Return the data below unchanged. Drop any pictures.

## Recorded information
┏━━

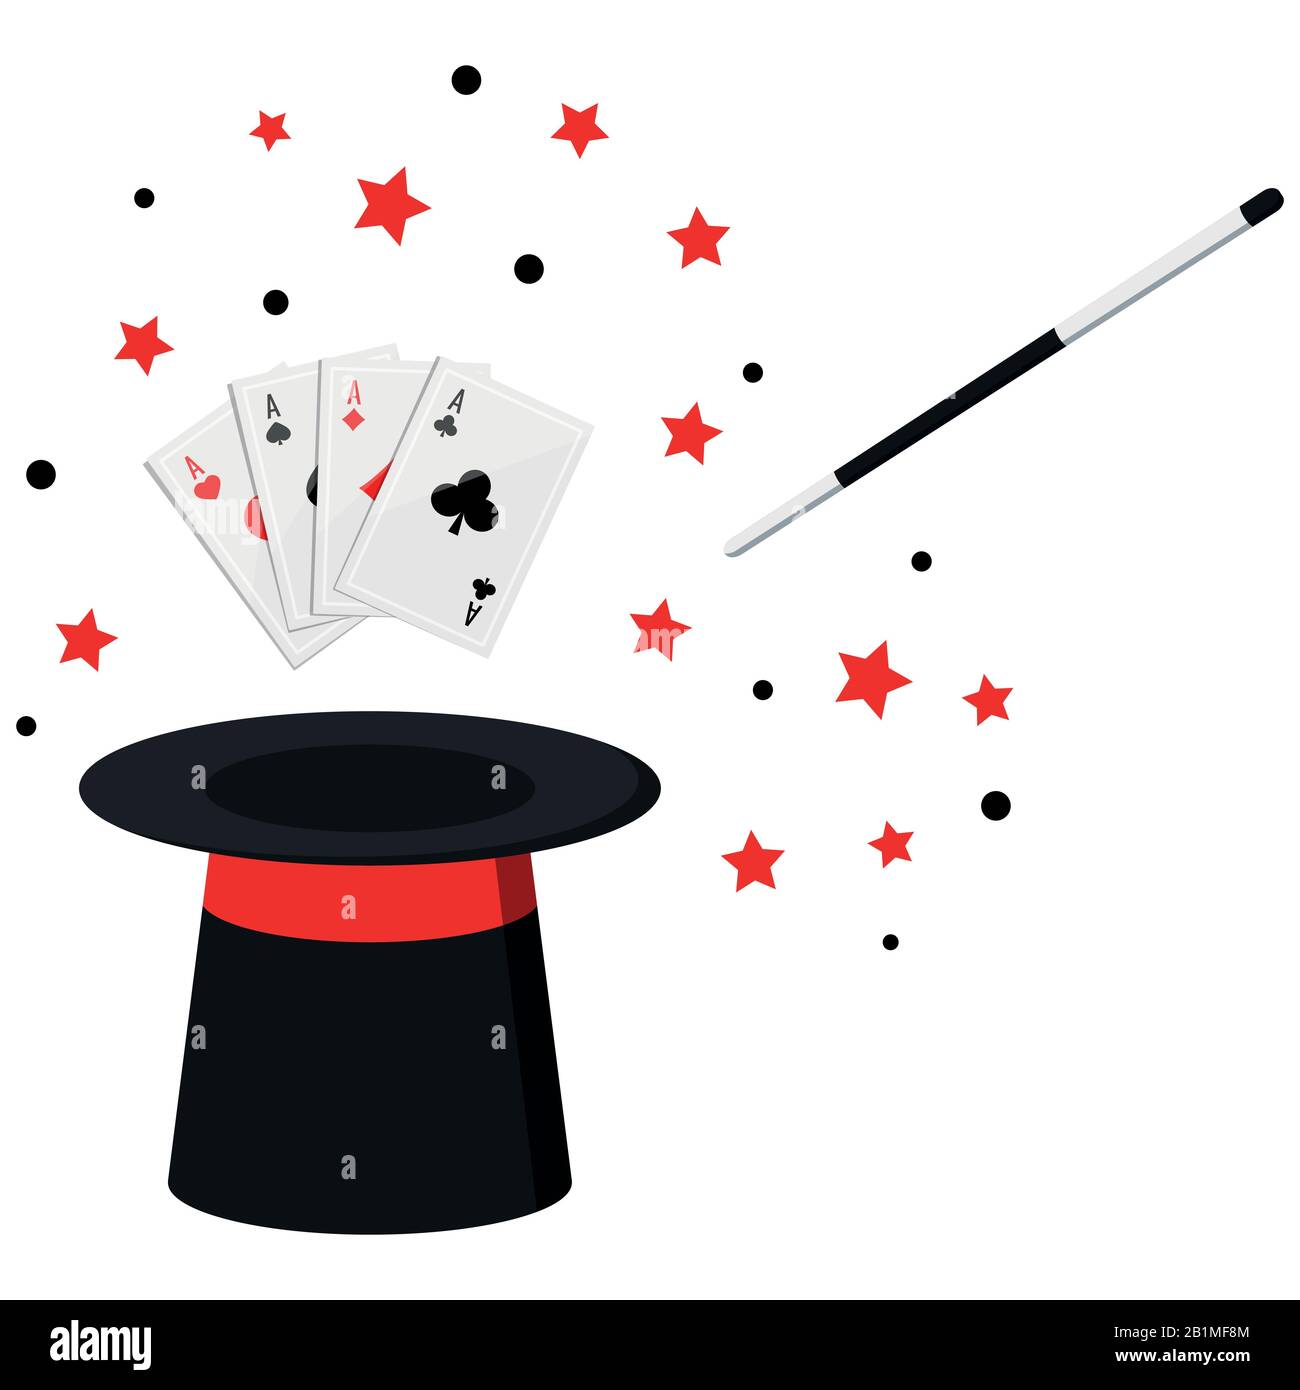 Cappello nero del mago, cappello magico con assi quattro di un poker tipo,  bacchetta magica in azione e stella isolata su sfondo bianco Immagine e  Vettoriale - Alamy
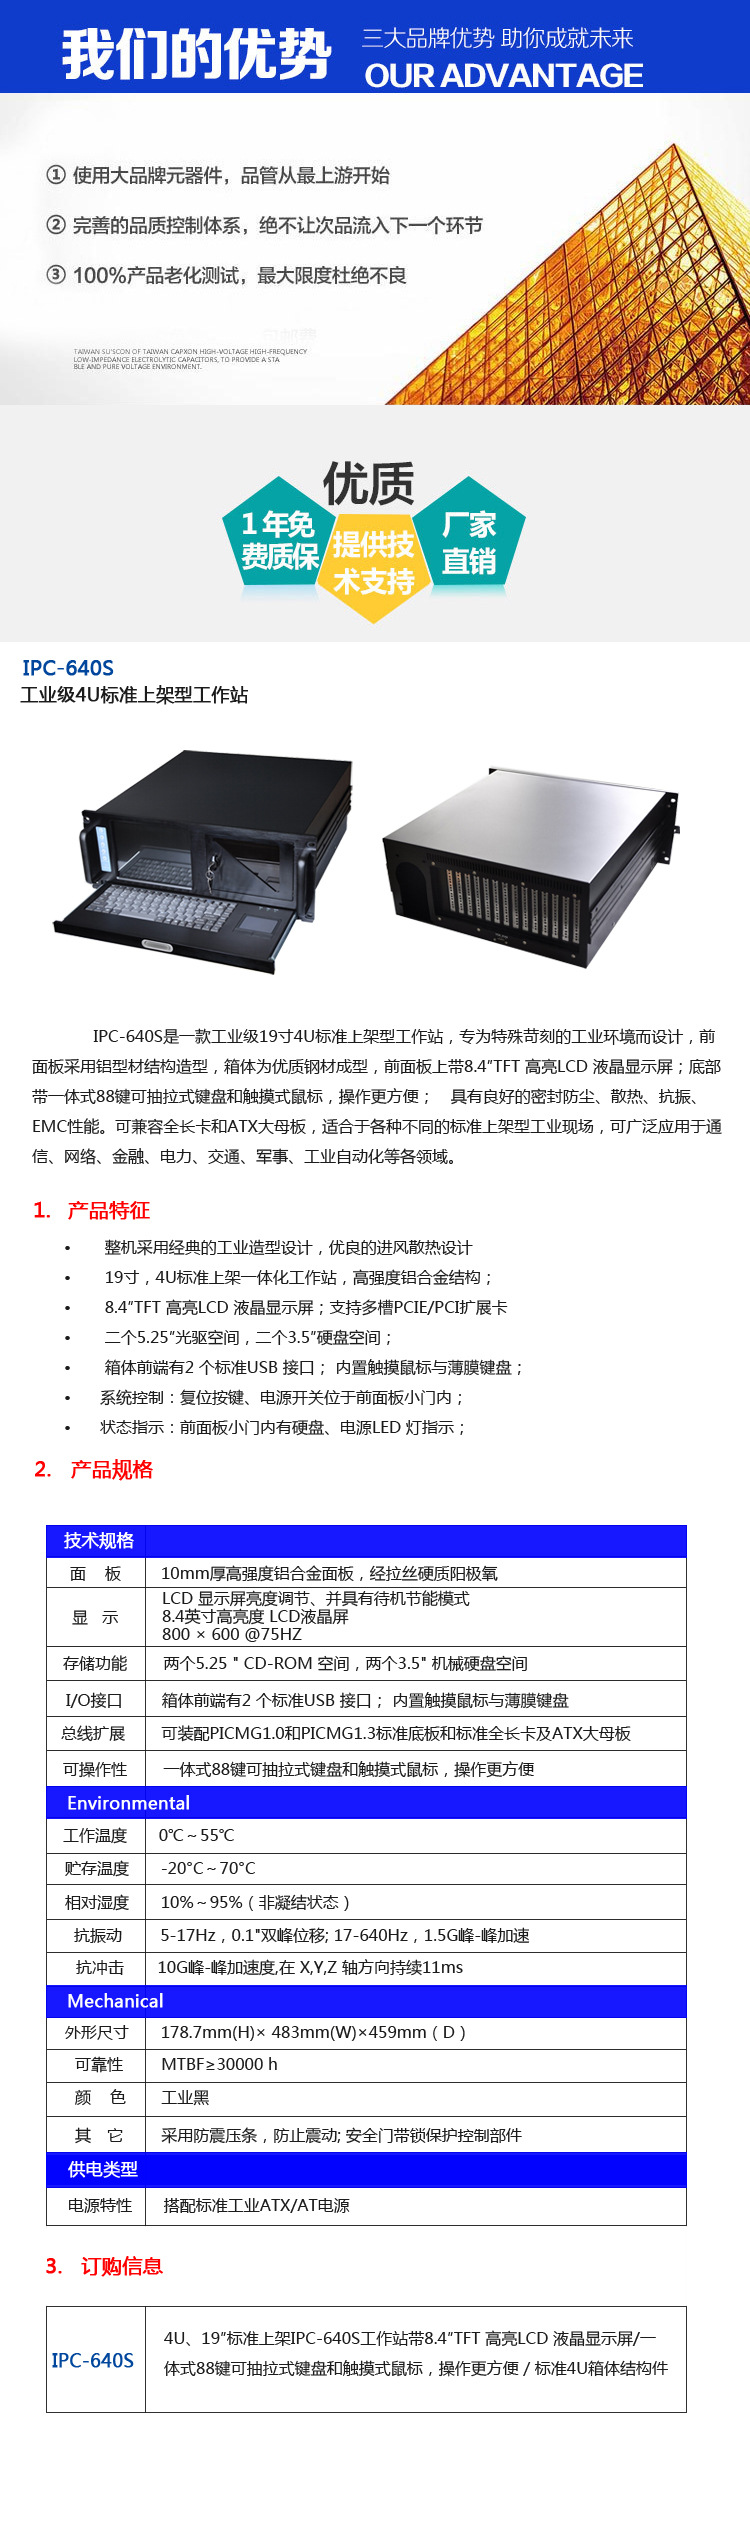 工控厂家直销4U上架一体化工作站带8寸工业屏键盘工控机IPC-640S示例图1
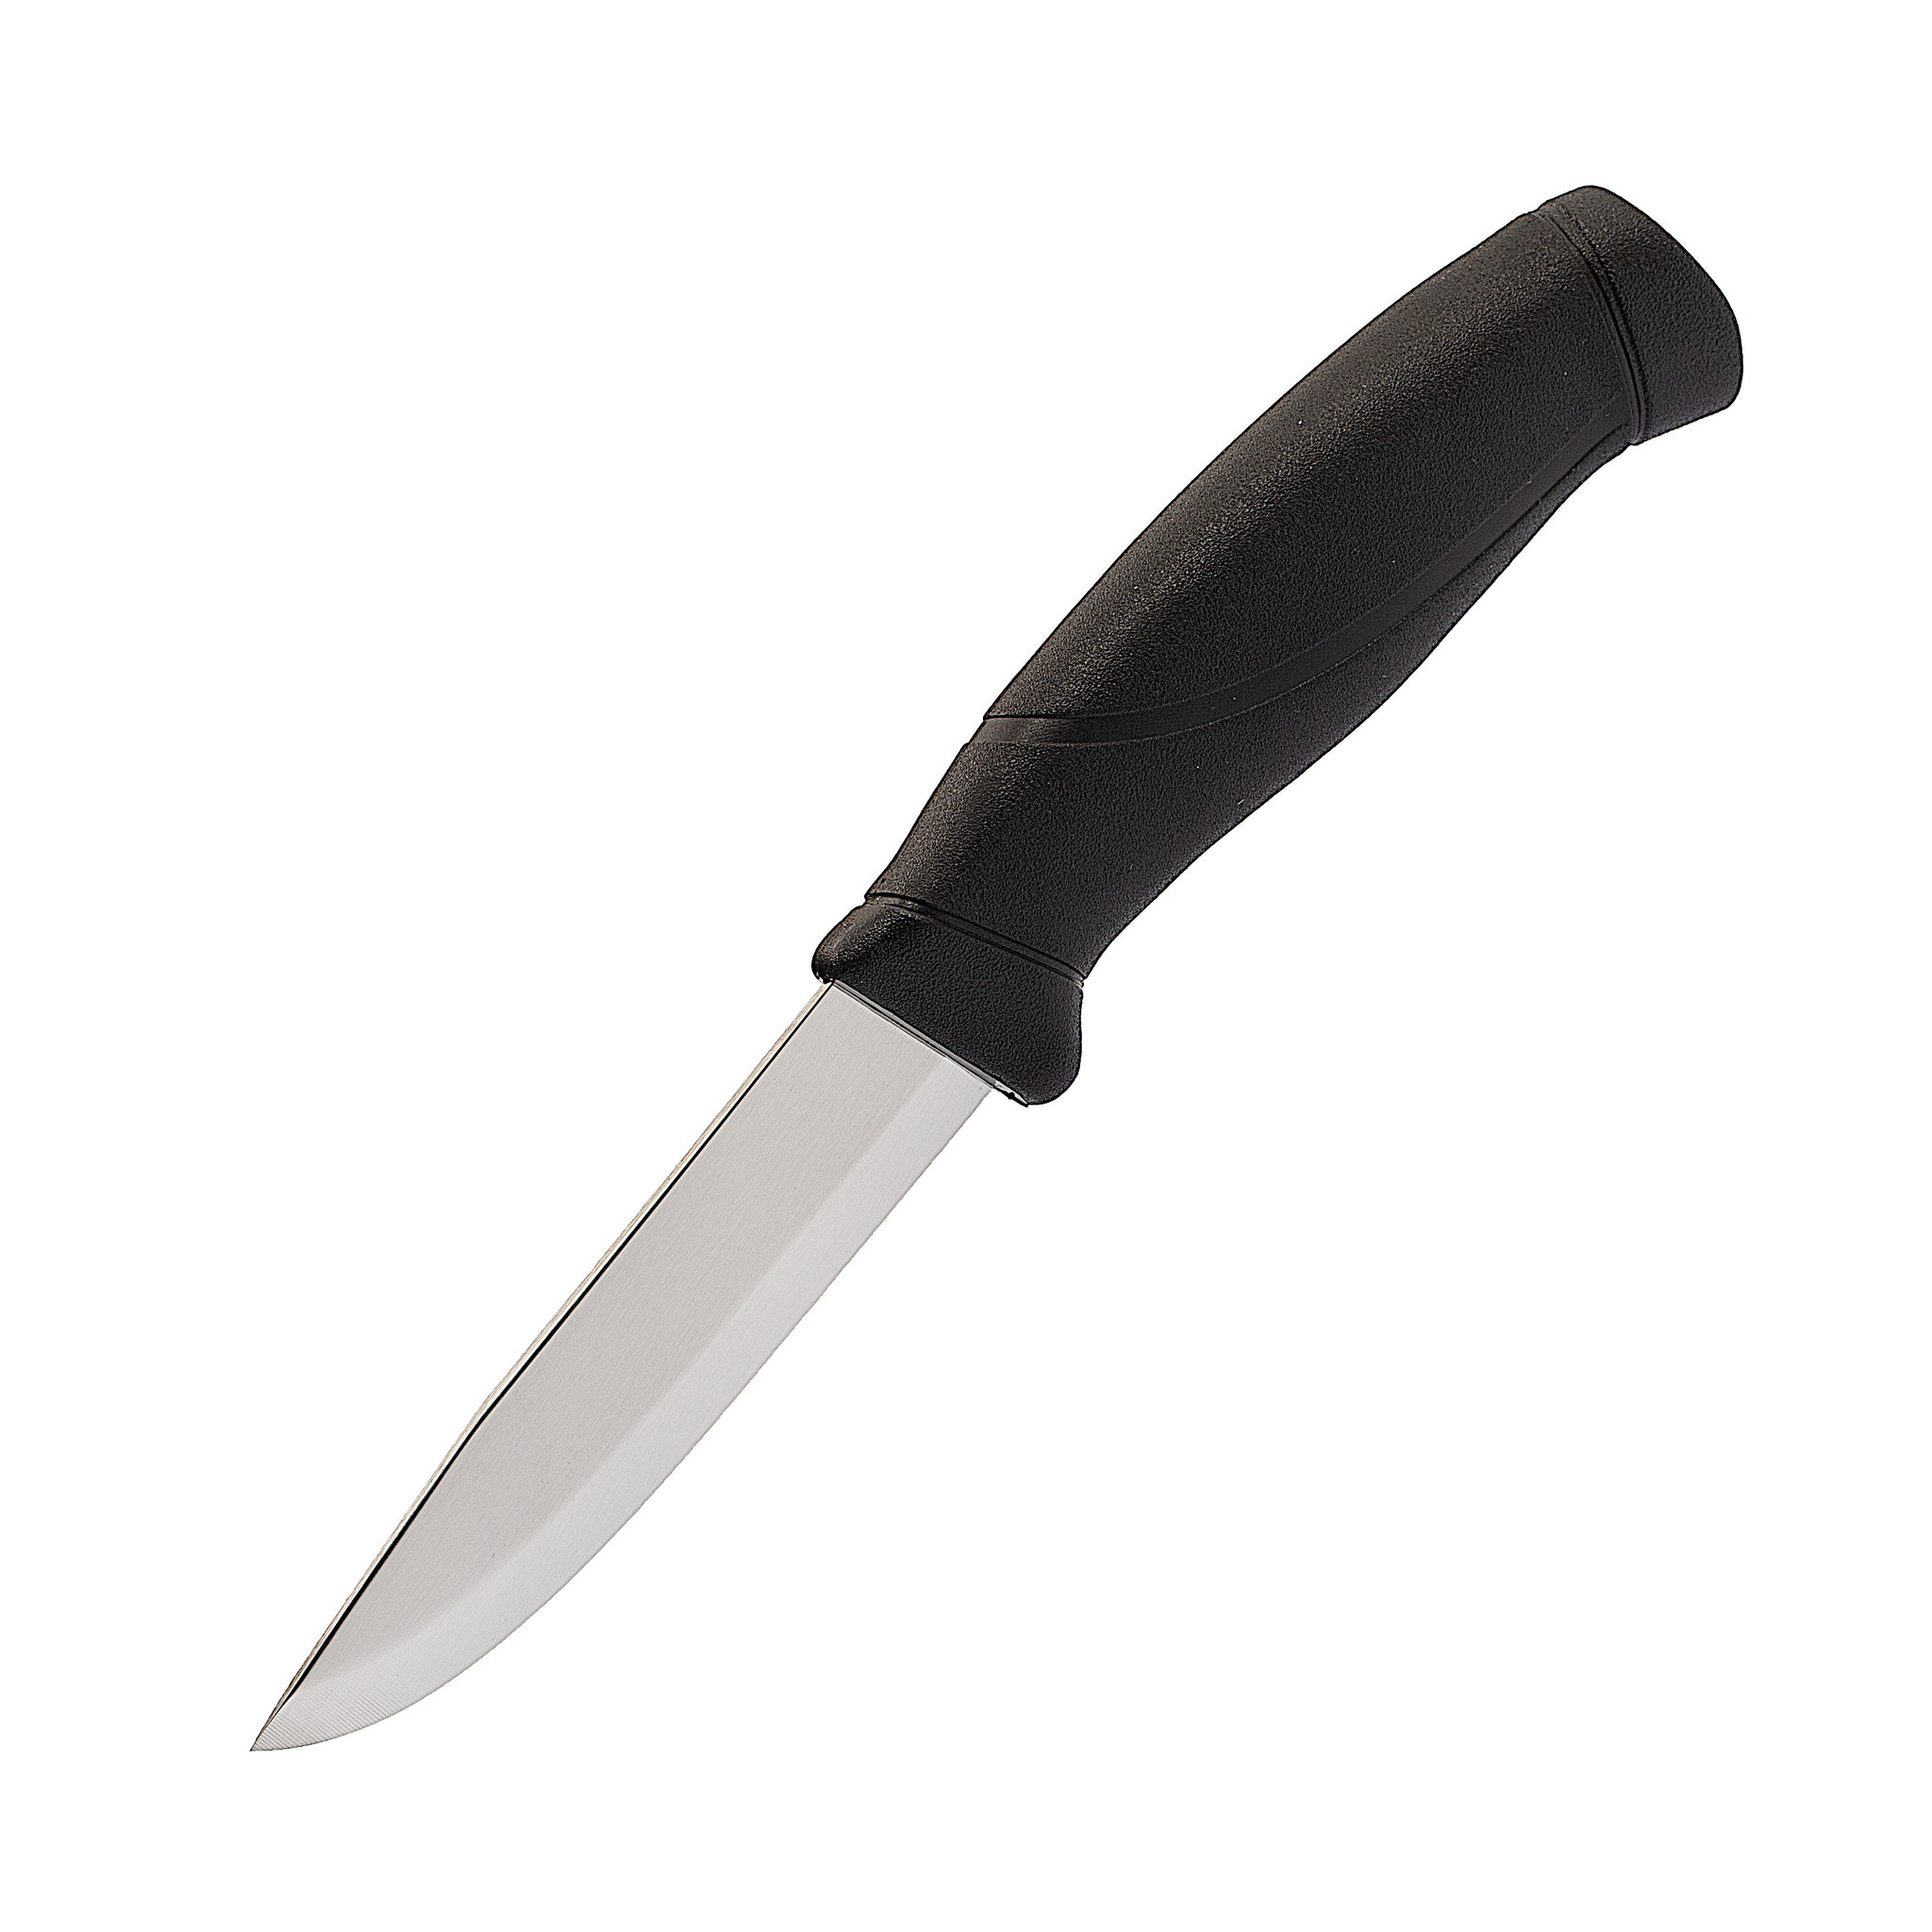 Нож с фиксированным лезвием Morakniv Companion Black, сталь Sandvik 12C27, рукоять пластик/резина

┗━━

## Exercise result
 Cappello nero del mago, cappello magico con assi quattro di un poker tipo,  bacchetta magica in azione e stella isolata su sfondo bianco Immagine e  Vettoriale - Alamy
 工控厂家直销4U上架一体化工作站带8寸工业屏键盘工控机IPC-640S示例图1
 Нож с фиксированным лезвием Morakniv Companion Black, сталь Sandvik 12C27, рукоять пластик/резина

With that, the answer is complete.